Identification of motherboards by software
The Software Method
Sometimes, there is no help to be found either on the board or in the startup display. If that is your situation, don’t despair yet! We still have one more trick to try – we can “ask” the mainboard who it is, and who made it.
AMI offers a freeware mainboard (BIOS) identification utility that, although written specifically for the AMI BIOS’es, is only able to extract a very limited range of information. This utility is available for download at AMI’s Bios support site. The following page, http://www.ami.com/support/bios.html, offers AMI’s manufacturer code list as well as links for the ID utility and post- and beep-code references. The ID utility (AMIMBID.EXE) is a compact (94Kb) file that must be run from a pure DOS session. It will read the data stored on the BIOS chip and display the relevant portion of that data on-screen. It will also write a text file (RESULTS.TXT) that contains most of the information displayed. Figure 7 below illustrates the data written to the text file for the mainboard discussed in the previous section. Note that the BIOS ID string extracted is not quite the same as what was displayed on system startup. The boot display included the Project Tag, which is shown separately in the text file. Note also that this utility does not provide a manufacturer’s name if the Manufacturer Code does not match a database entry. As was the case in earlier examples, a web search is in order for final determination of the board maker.
Needless to say, these results below are less than ideal, and not helpful at all if the board uses Award BIOS. In that case, I suggest the use of CTBIOS, another mobo ID utility. This one is the (freeware) product of c’t, the leading PC enthusiast’s magazine in Germany, and can be found at their website, http://www.heise.de/ct/english/. Of course, most of the site’s pages are in German, so I’ll give another link for this utility, http://bootdisk.com/. This site is chock-full of useful tools besides CTBIOS, so check it out carefully.
|Figure 7 – AMIMBID results as written to disk|
This utility above will extract useful data from both AMI and Award BIOS’es, and it does a fairly good job of providing the board maker’s name and web address. Compare Figures 8 and 9 below. Figure 8 show the output of CTBIOS v1.3, while Figure 9 shows the same system when examined by CTBIOS v1.5. In either case, it is evident that the board does not carry its maker’s name in its BIOS chip. CTBIOS v1.5 reveals much more information than its earlier version did, but it cannot find something that is not there. Once again, we resort to the web search for the board model 6VIA81 or to Wim’s BIOS Site for a lookup on the manufacturer ID X3. Wim identifies the X3 code as belonging to A-Corp, and this finding is easily verified by the web search.

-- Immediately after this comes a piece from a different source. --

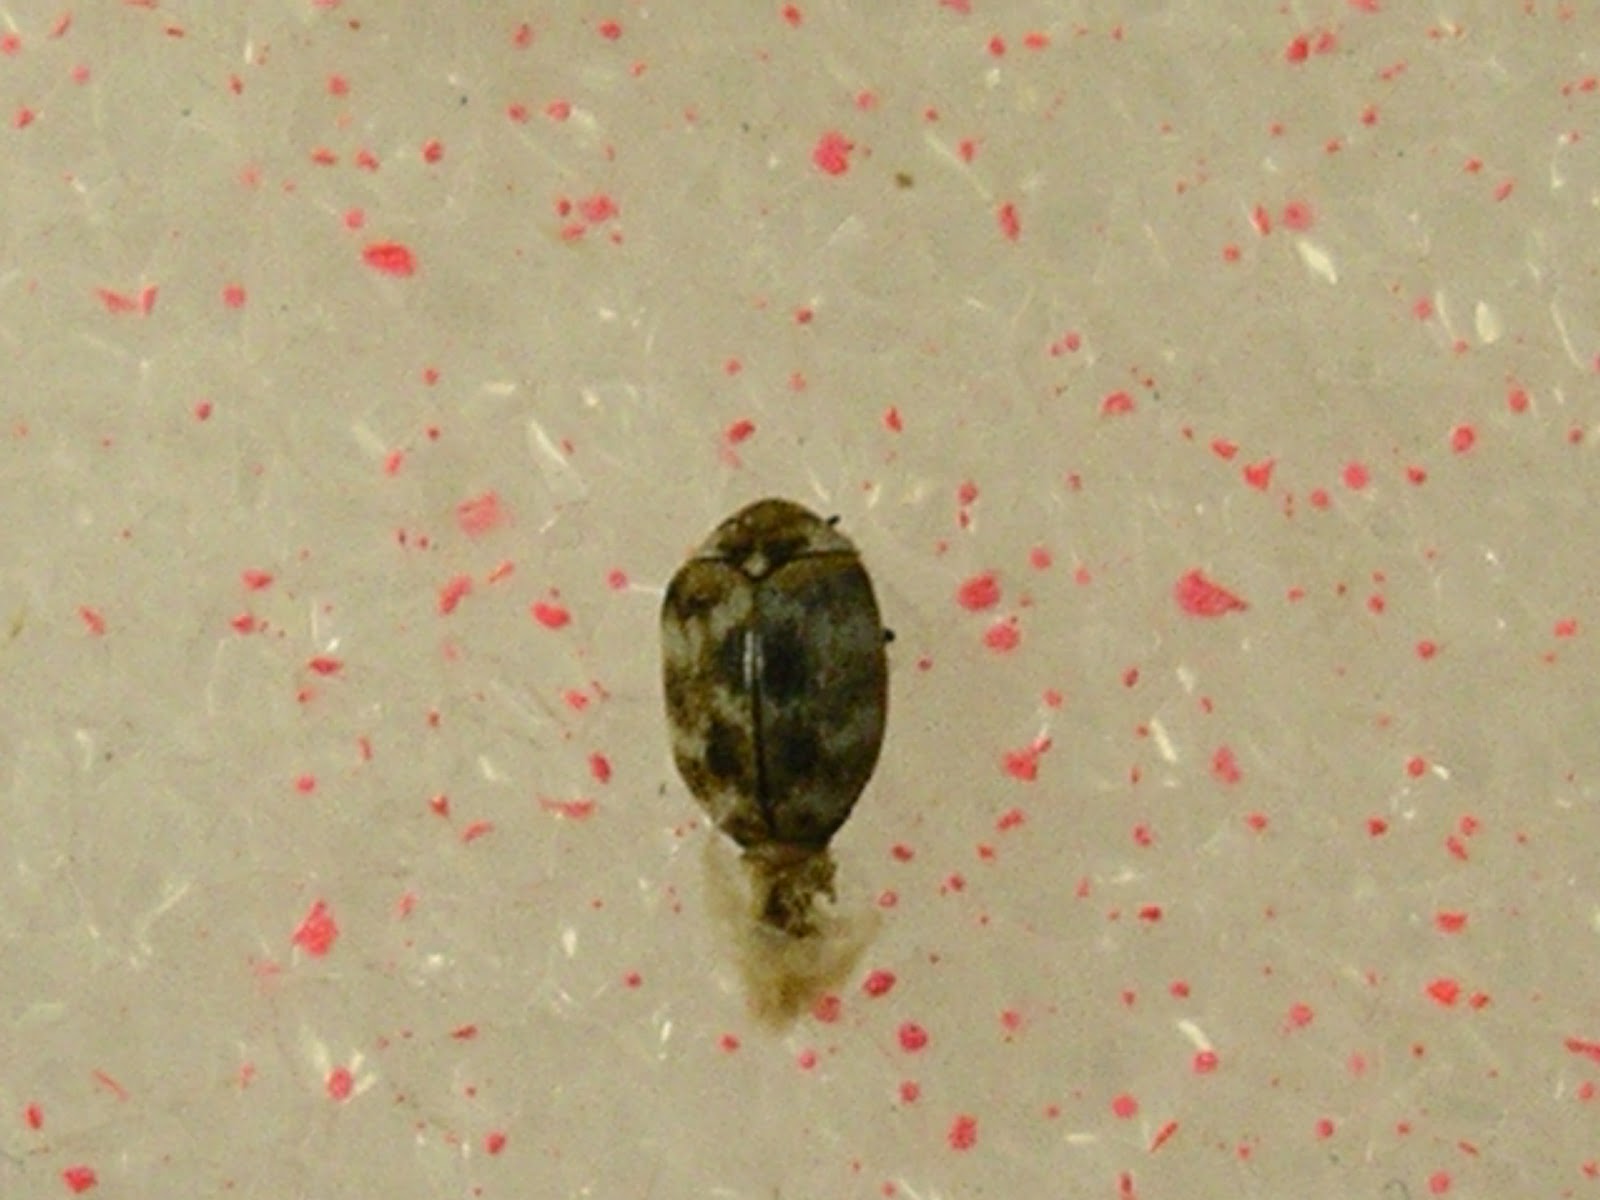 carpet beetle adult carpet beetles can be solid black or
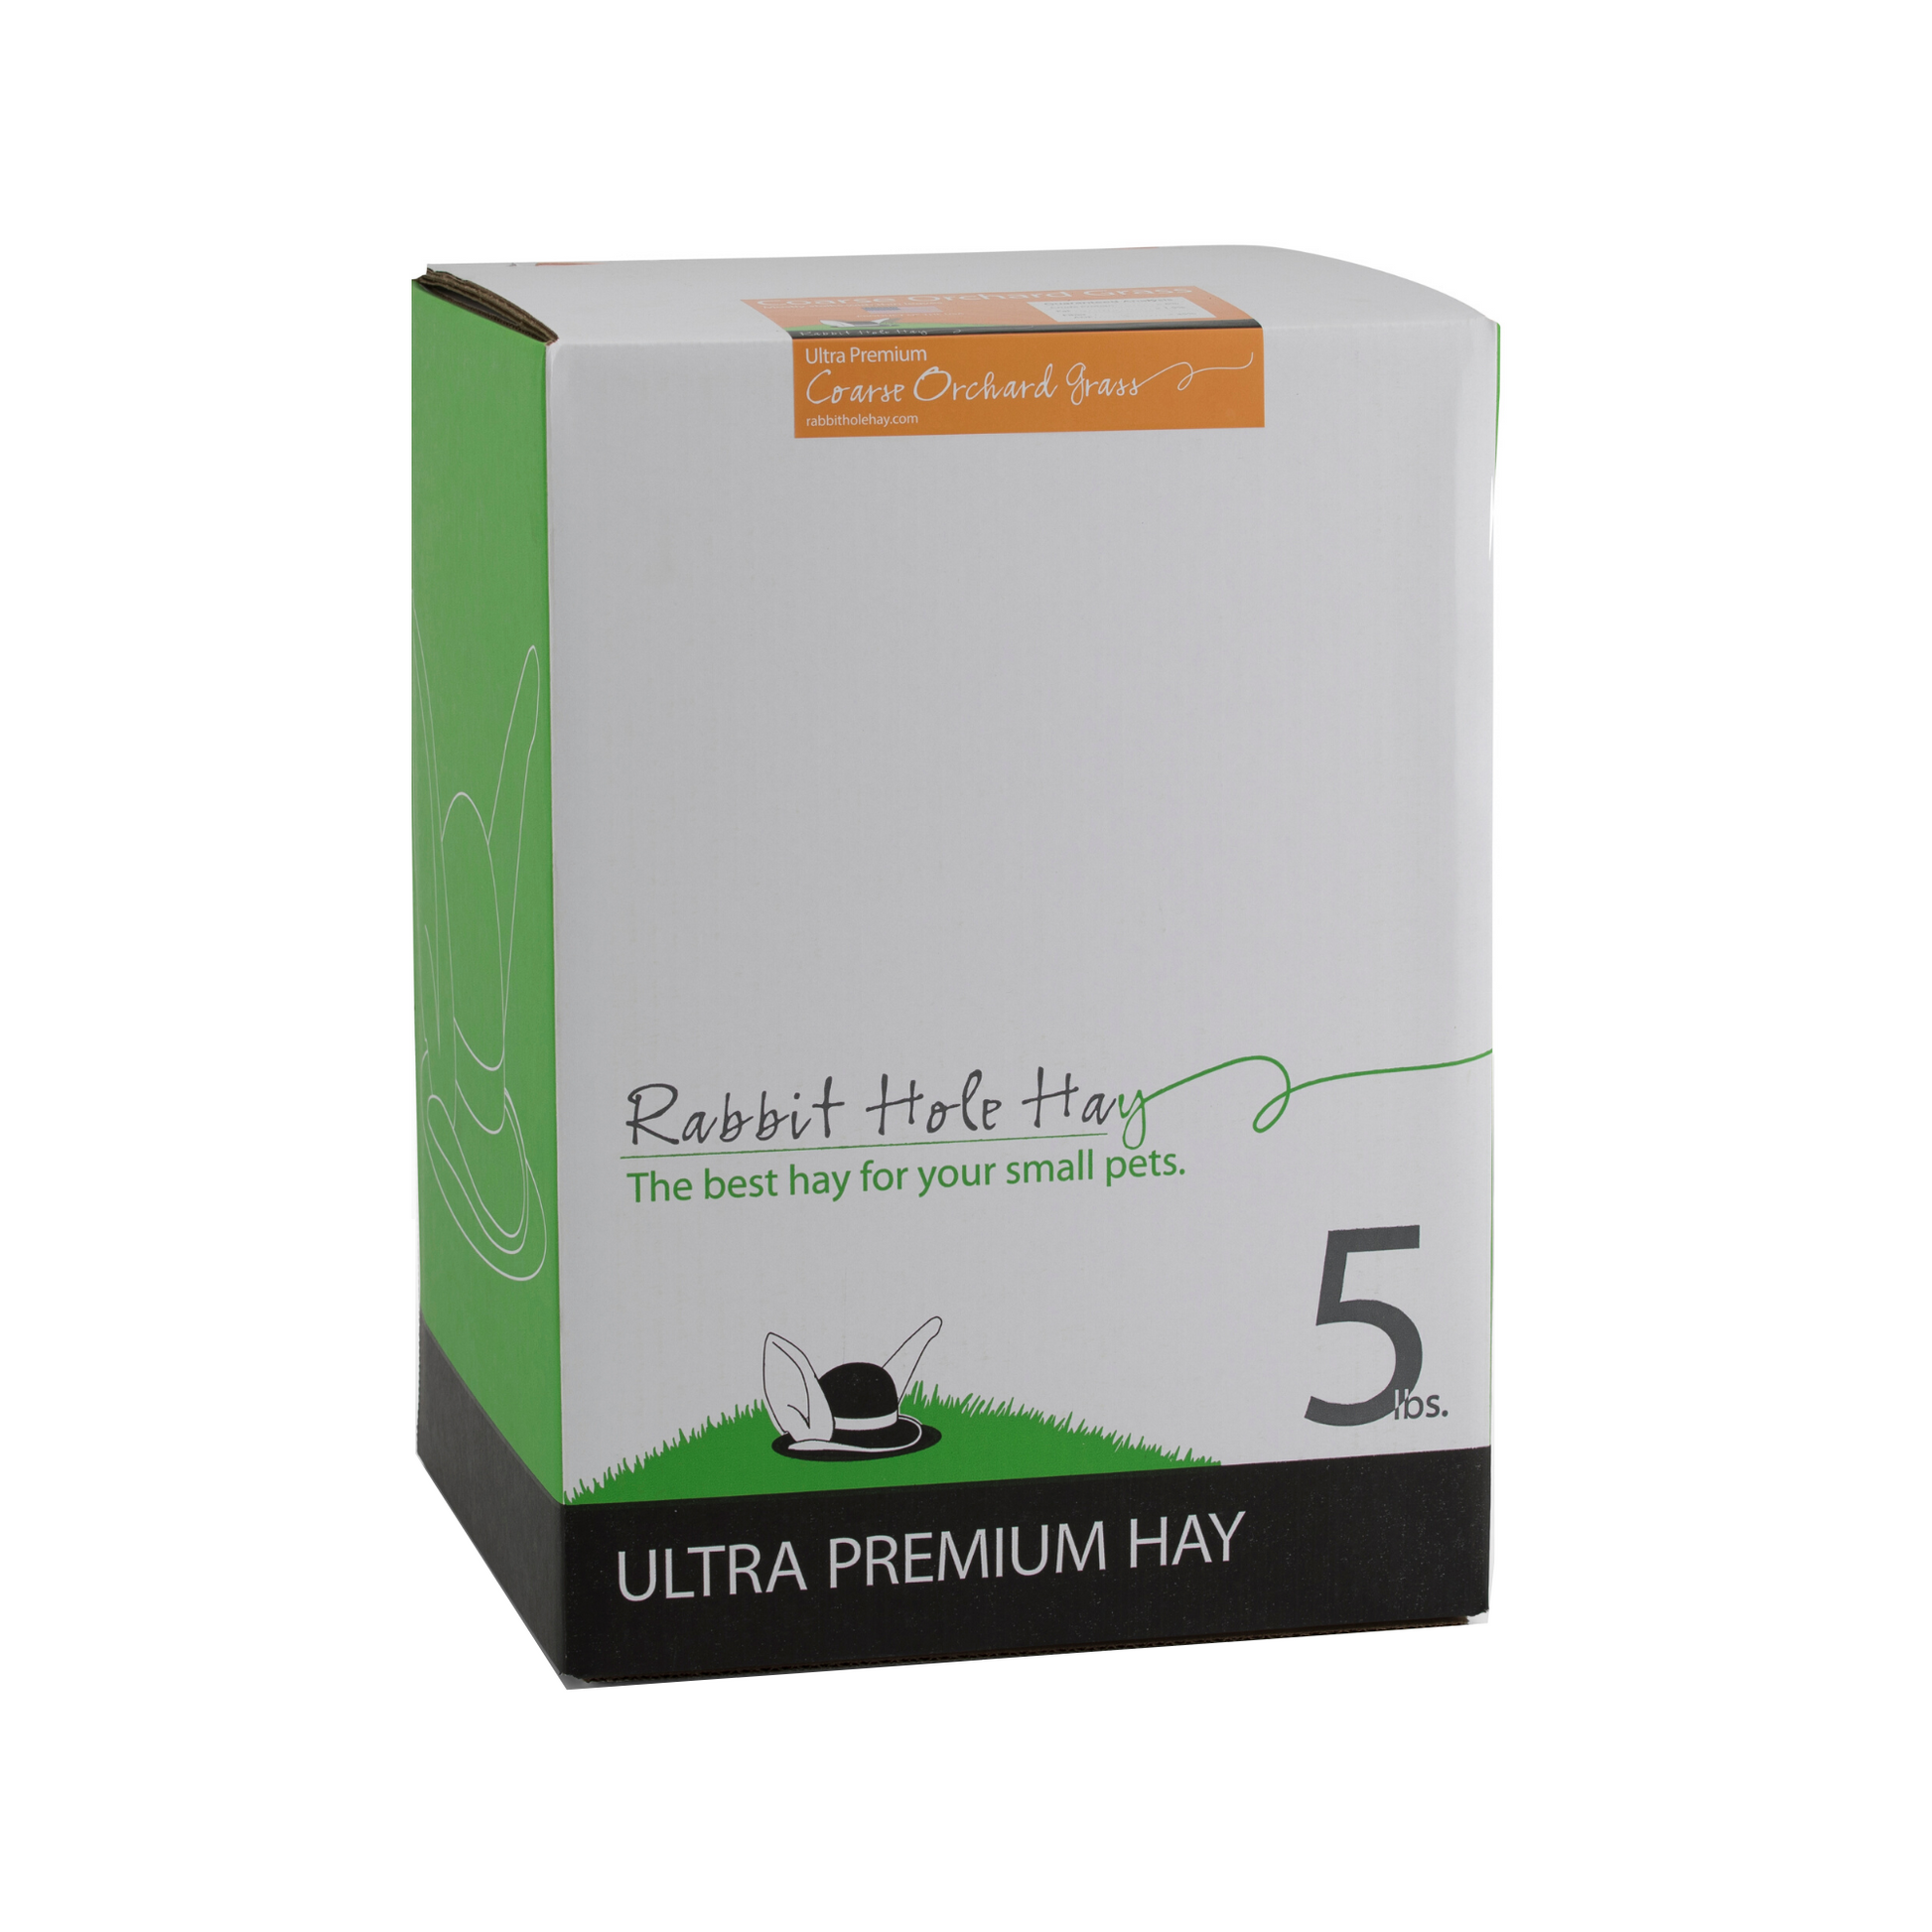 Ultra Premium Coarse Orchard Grass - 5lbs

|Figure 8 – CTBIOS v1.3 results as displayed|
|Figure 9 – CTBIOS v1.5 results as displayed for same system as shown in Figure 8|
With all of the high-level system diagnostic utilities I have at my disposal, I still end up returning to these tried-and-true routines when I need to know whose product is in the machine. The utilities that I have recommended here are all freeware, readily available for download, and are easily run by executing their filenames at a command prompt. They will all return the desired information as on-screen displays. These factors combine to make them my utilities of choice for mainboard identification.
One of the obvious questions that may have occurred to you by now is “Why not skip all of this and go right to the BIOS producer’s site for information?” Well, the short and sweet answer is that both AMI and Award will simply direct you to go to the mainboard maker for any BIOS support issues. Remember, the whole intent of this exercise was to identify the board maker. If we don’t know who the board maker is well, you get the idea.
I certainly hope that some of this will make your next mainboard identification task just a little bit simpler.